COLLECTED DATA:
[Start of Attachment]

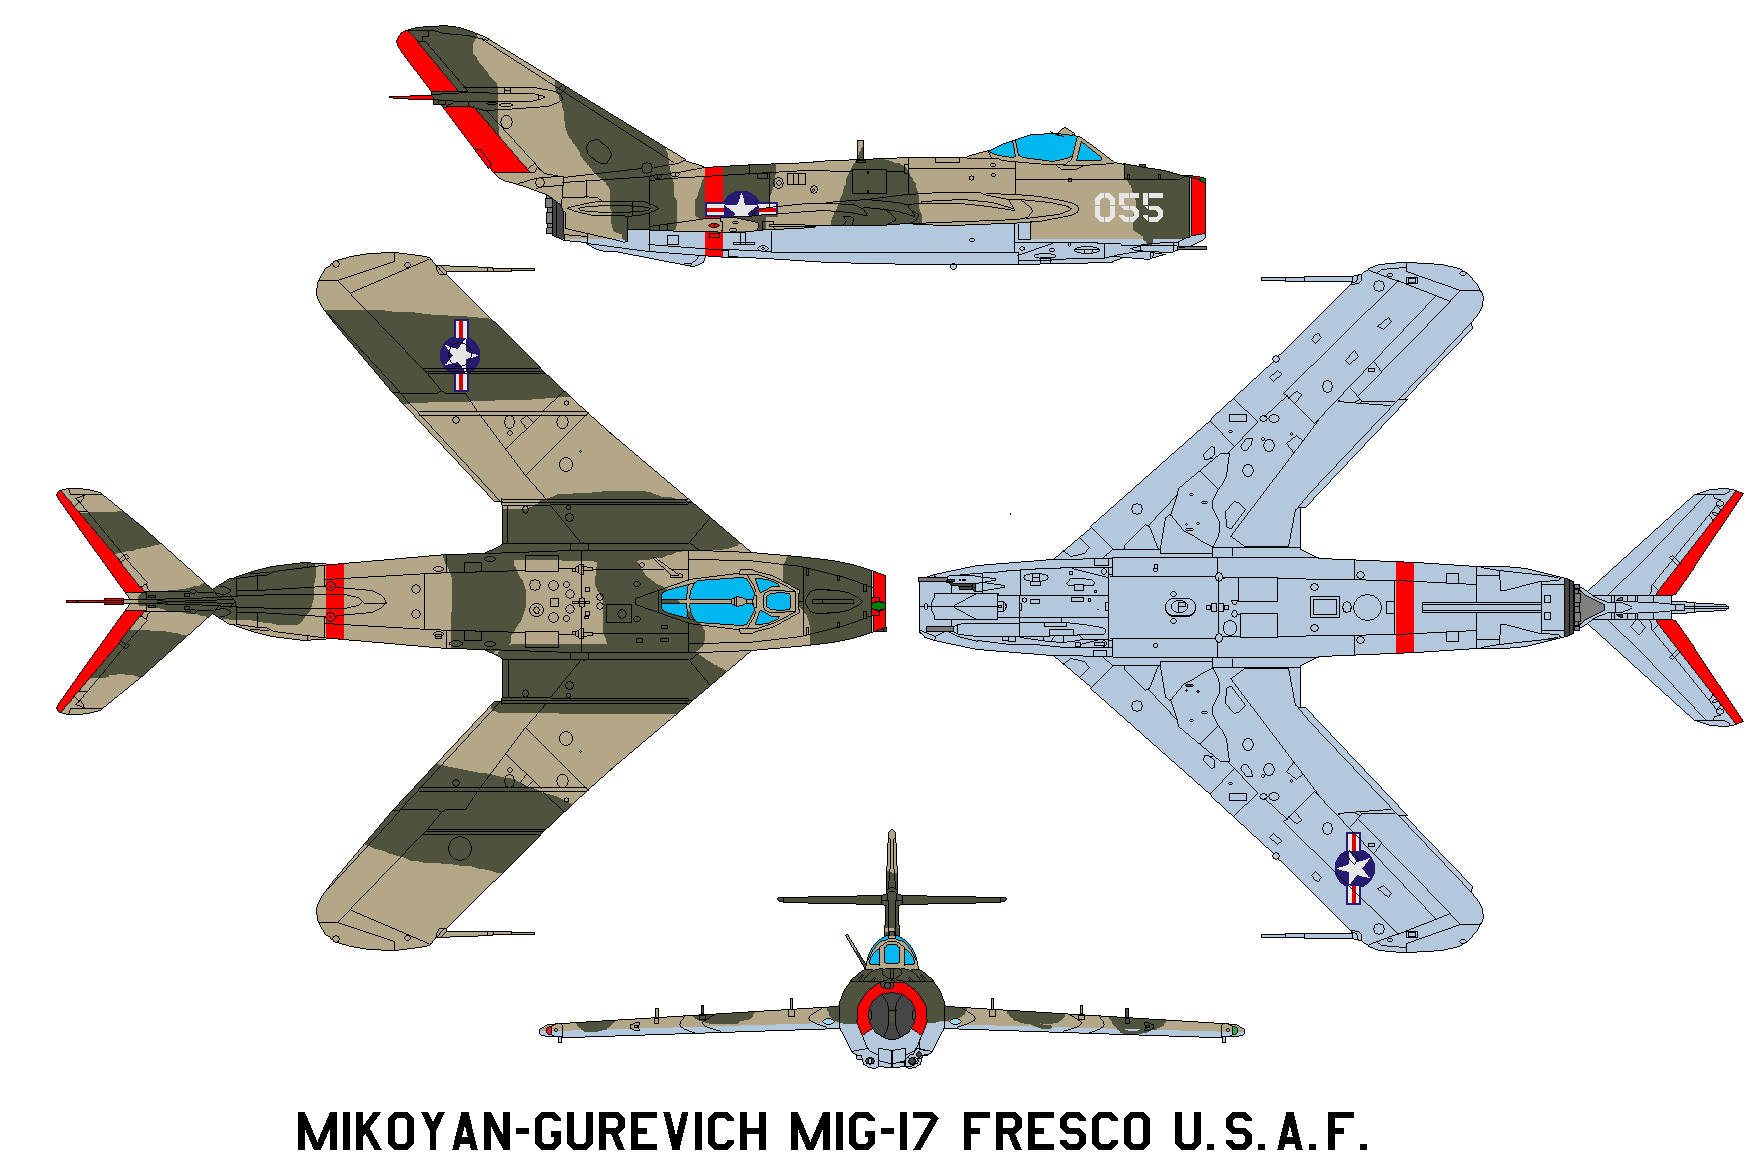 Mikoyan-Gurevich MiG-17 Fresco U.S.A.F. by bagera3005
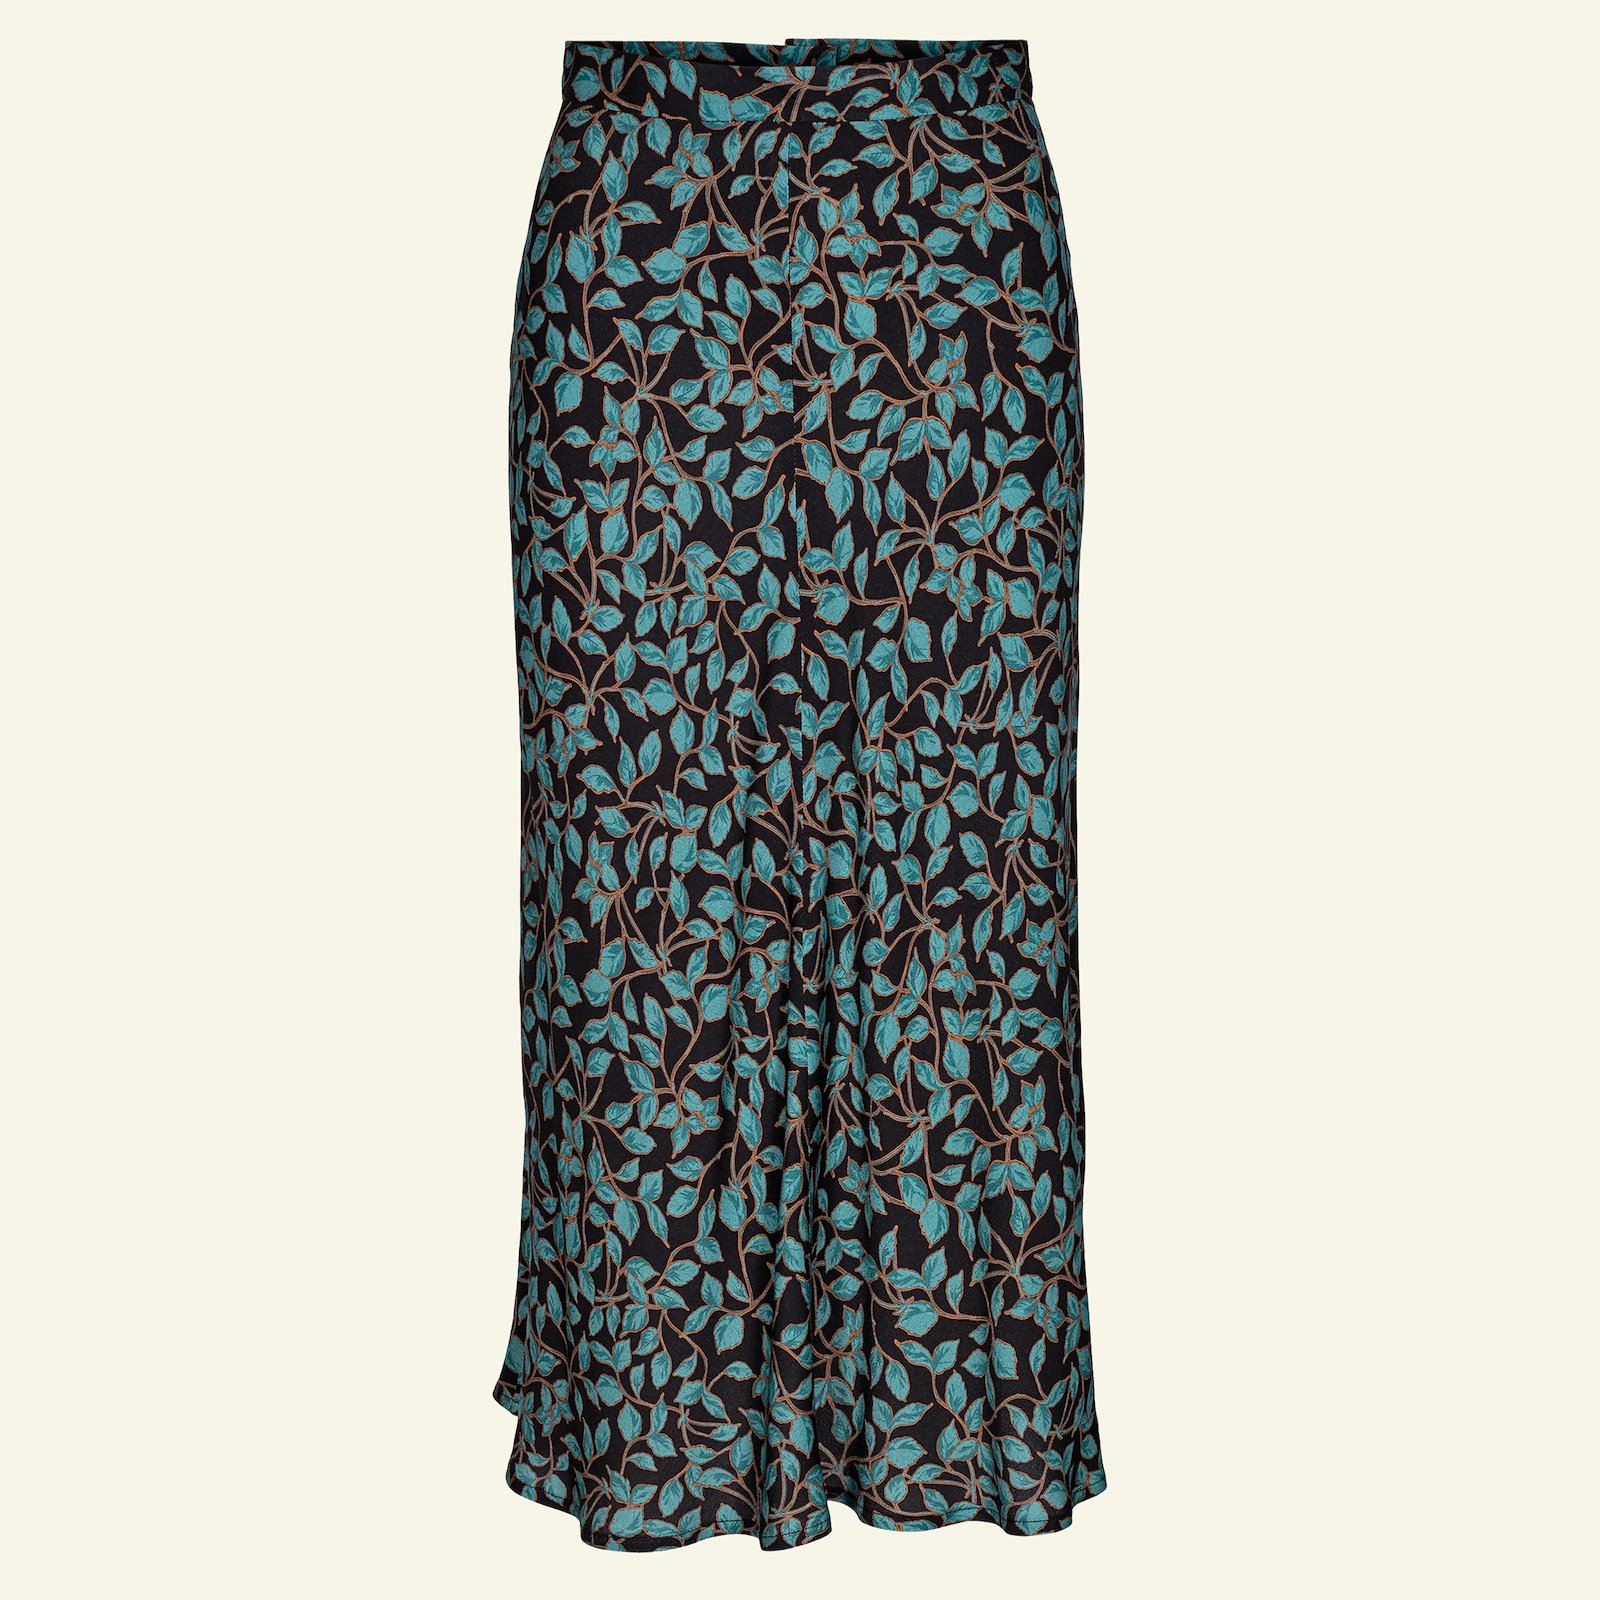 Skirt with A-shape, 38/10 p21038_730098_sskit
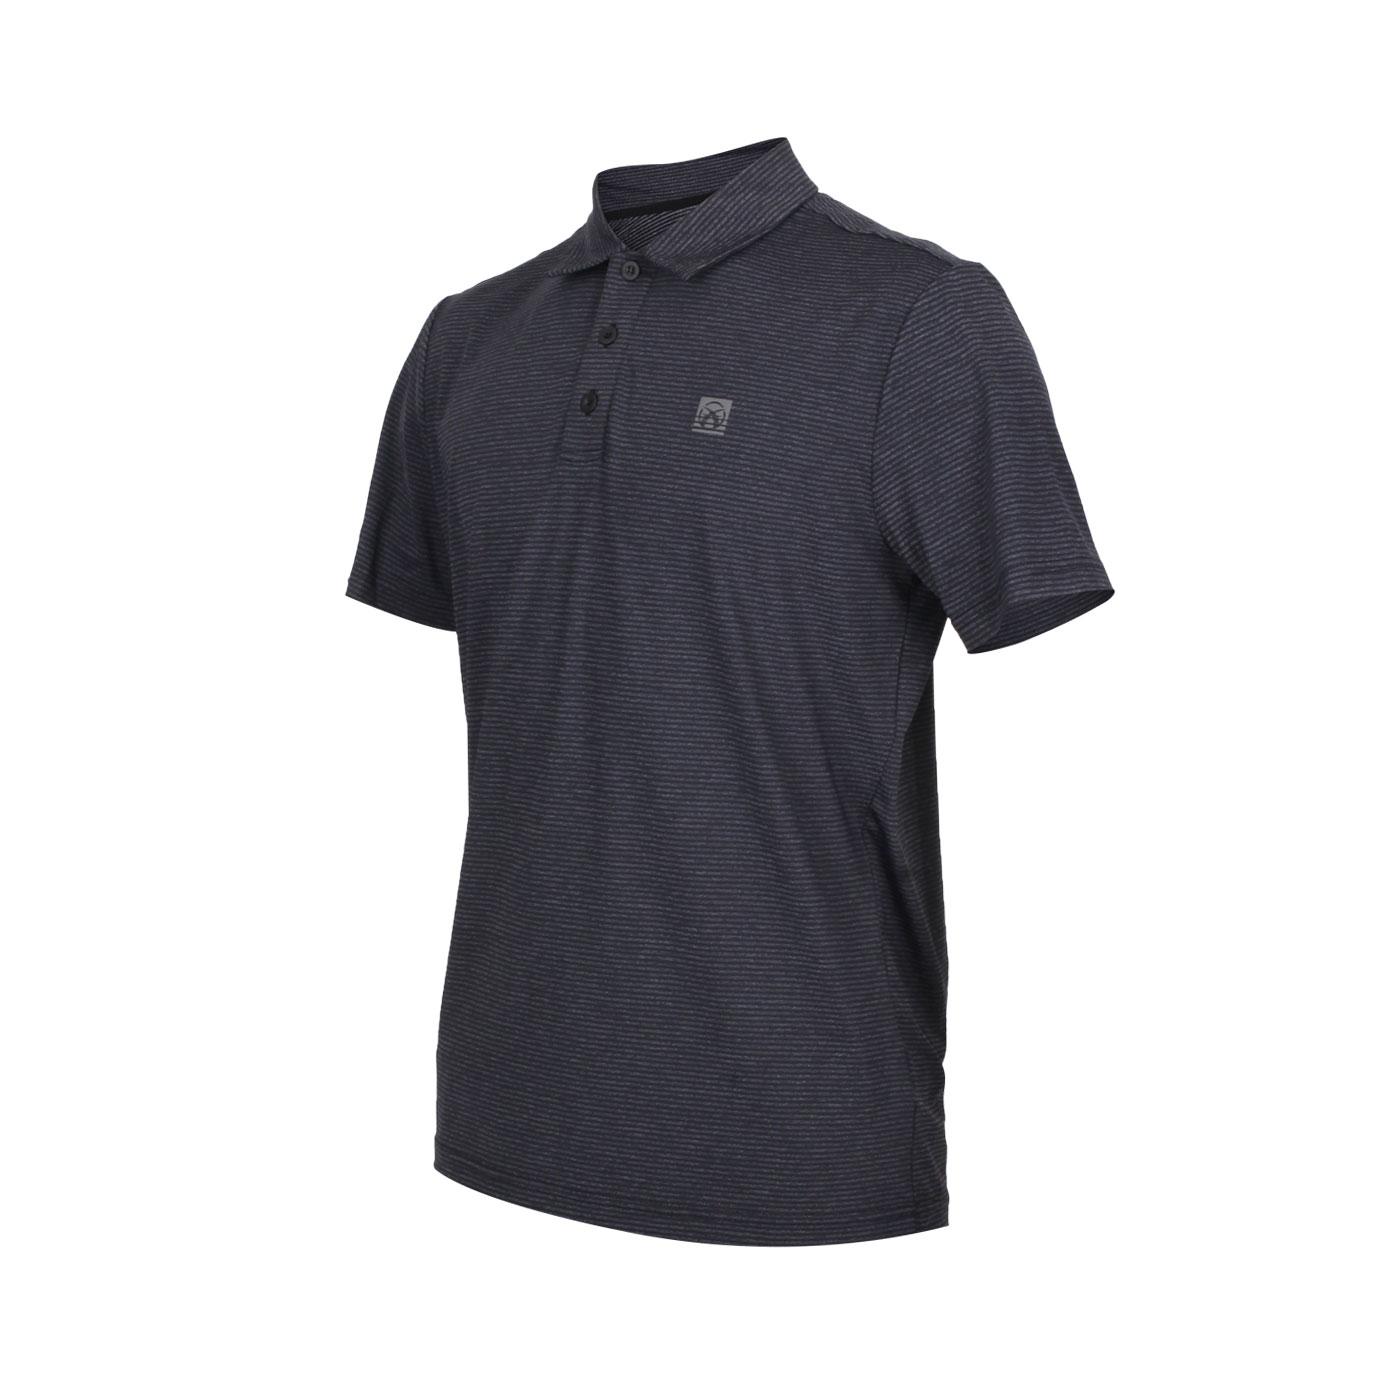 FIRESTAR 男款彈性短袖POLO衫 D0552-18 - 條紋黑灰

[End of Attachment]

TASK DIRECTIONS:
Repeat the listing word for word, omitting the pictures.

FINAL ANSWER:
 Mikoyan-Gurevich MiG-17 Fresco U.S.A.F. by bagera3005
 Skirt with A-shape, 38/10 p21038_730098_sskit
 FIRESTAR 男款彈性短袖POLO衫 D0552-18 - 條紋黑灰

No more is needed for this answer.